Description
This creamy mushroom pasta is rich, comforting, and full of flavor. The combination of earthy mushrooms, a creamy sauce, and pasta makes for a perfect meal, ideal for a cozy dinner.
Ingredients
- 8 oz (225 g) pasta (such as fettuccine, penne, or spaghetti)
- 2 tablespoons olive oil or butter
- 1 small onion, finely chopped
- 3 garlic cloves, minced
- 12 oz (340 g) mushrooms, sliced (button, cremini, or a mix)
- 1/2 cup (120 ml) chicken broth or vegetable broth
- 1 cup (240 ml) heavy cream or half-and-half
- 1/4 cup (60 ml) grated Parmesan cheese
- Salt and pepper, to taste
- 1/2 teaspoon dried thyme or Italian seasoning
- Fresh parsley, chopped (for garnish)
- Optional: Extra grated Parmesan for serving
Instructions
1. Cook the Pasta
Bring a large pot of salted water to a boil. Add the pasta and cook according to package instructions, usually about 8-10 minutes. Drain and set aside, reserving 1/2 cup of pasta water.
2. Sauté the Onions and Garlic
In a large skillet or pan, heat the olive oil or butter over medium heat. Add the chopped onion and sauté for about 2-3 minutes, or until softened. Add the garlic and cook for another 30 seconds until fragrant.
3. Cook the Mushrooms
Add the sliced mushrooms to the pan and cook for about 5-7 minutes, stirring occasionally, until the mushrooms release their moisture and become golden brown.

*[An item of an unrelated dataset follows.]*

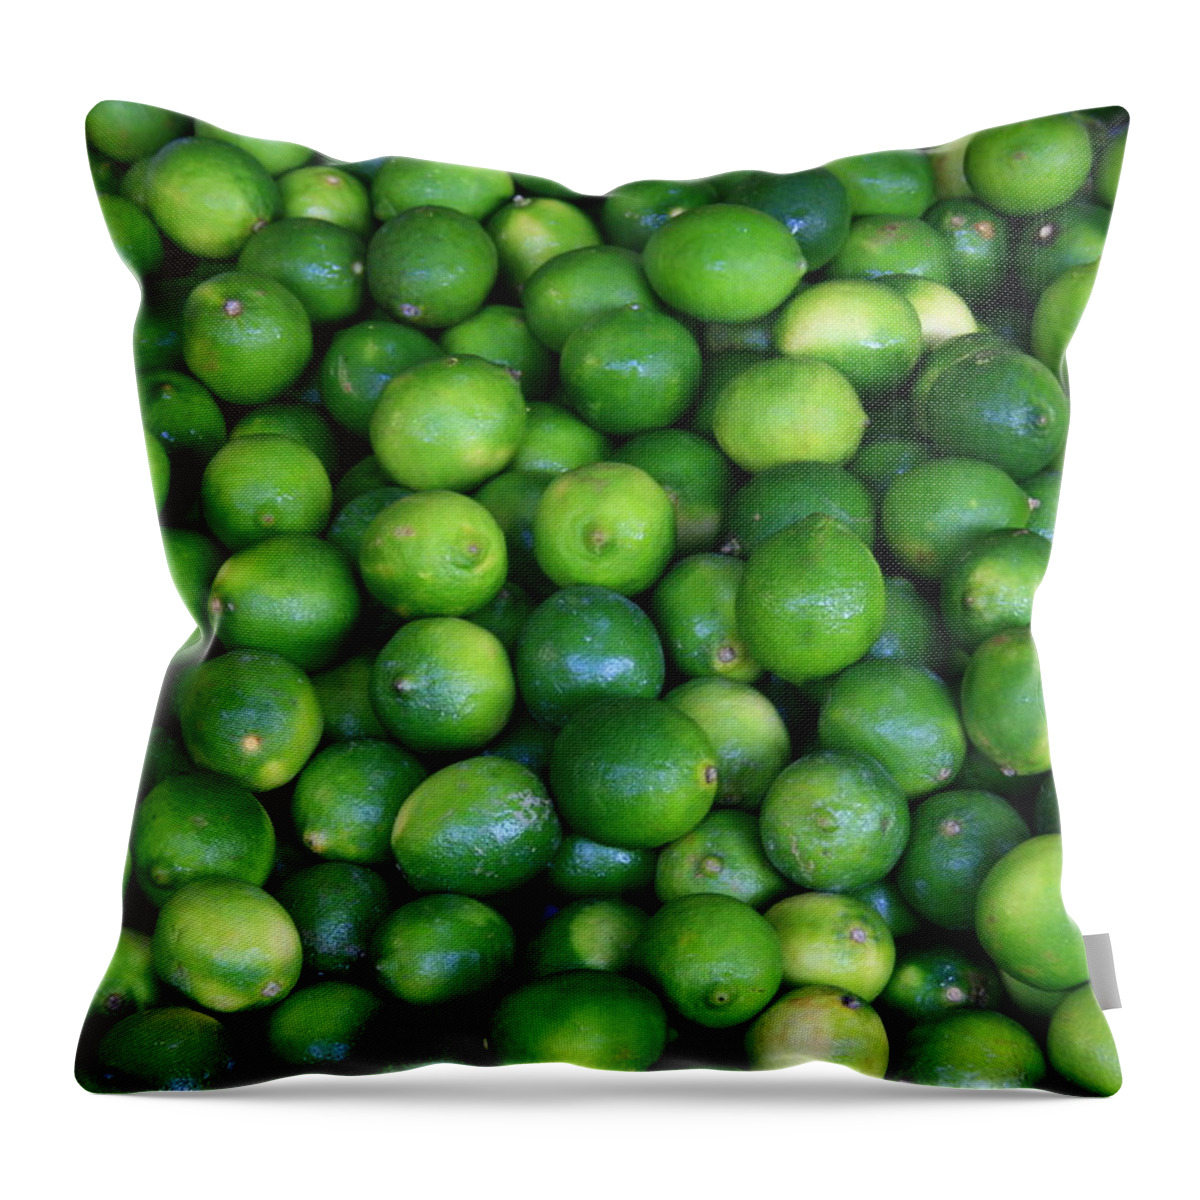 Lime Throw Pillow featuring the photograph Limes by David Dunham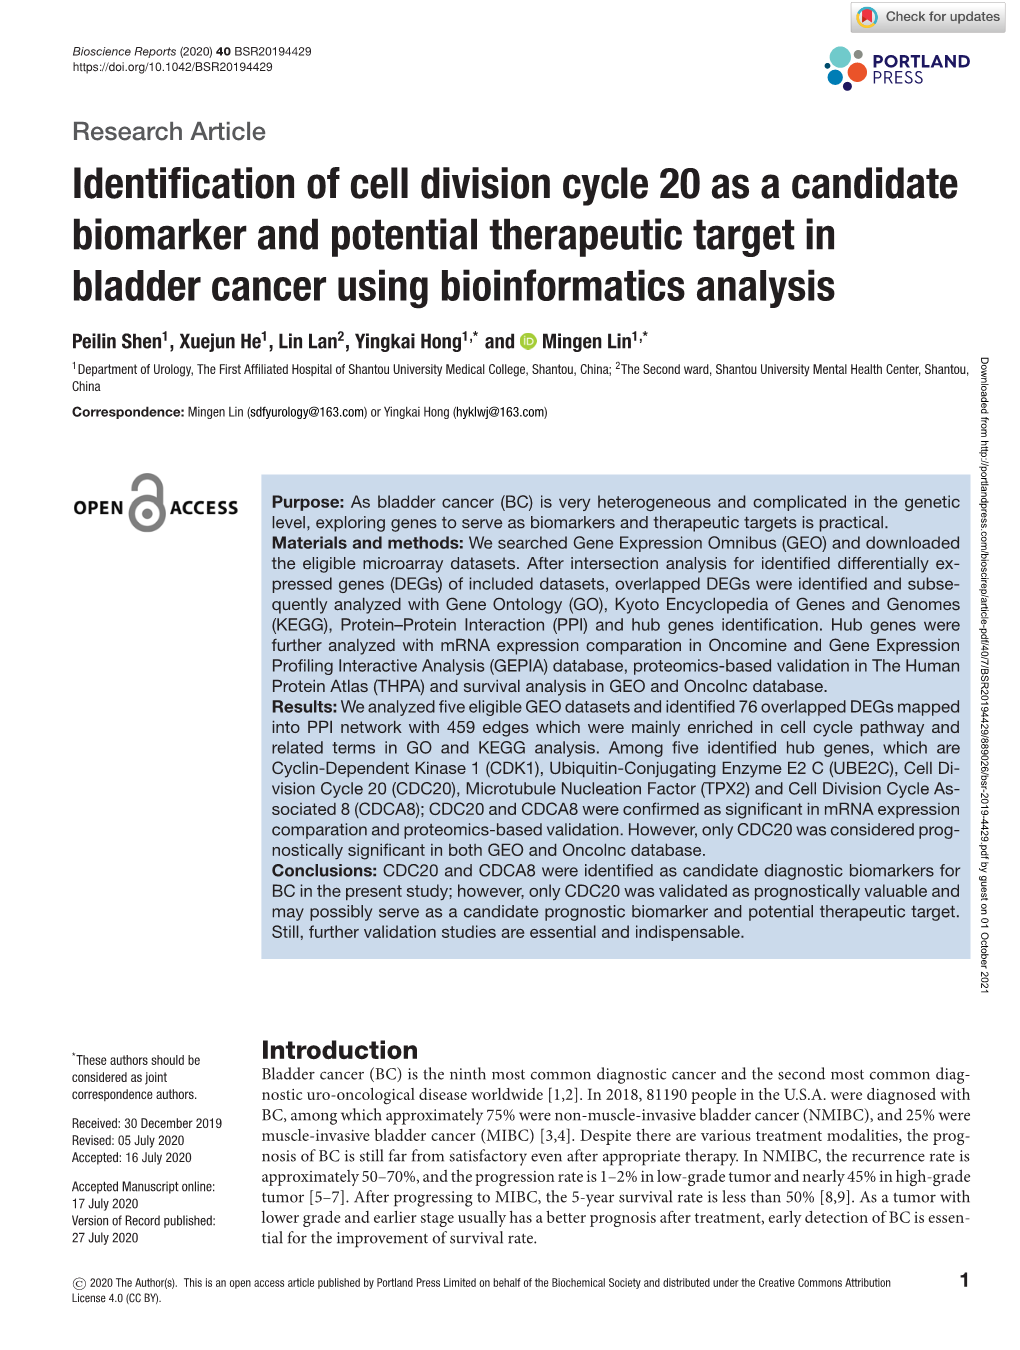 Identification of Cell Division Cycle 20 As a Candidate Biomarker And

4. Add the Broth and Cream
Pour in the chicken or vegetable broth and let it simmer for 1-2 minutes to reduce slightly. Then, add the heavy cream and bring the mixture to a simmer. Stir in the Parmesan cheese and let the sauce thicken, about 3-4 minutes. If the sauce becomes too thick, you can add some of the reserved pasta water to reach your desired consistency.
Notes
- For extra flavor, you can add a splash of white wine when cooking the mushrooms or swap out the heavy cream for sour cream for a tangy twist.
- Feel free to add protein to the dish, such as grilled chicken, shrimp, or bacon.
- To make it vegetarian, ensure the broth is vegetable-based and skip any meat options.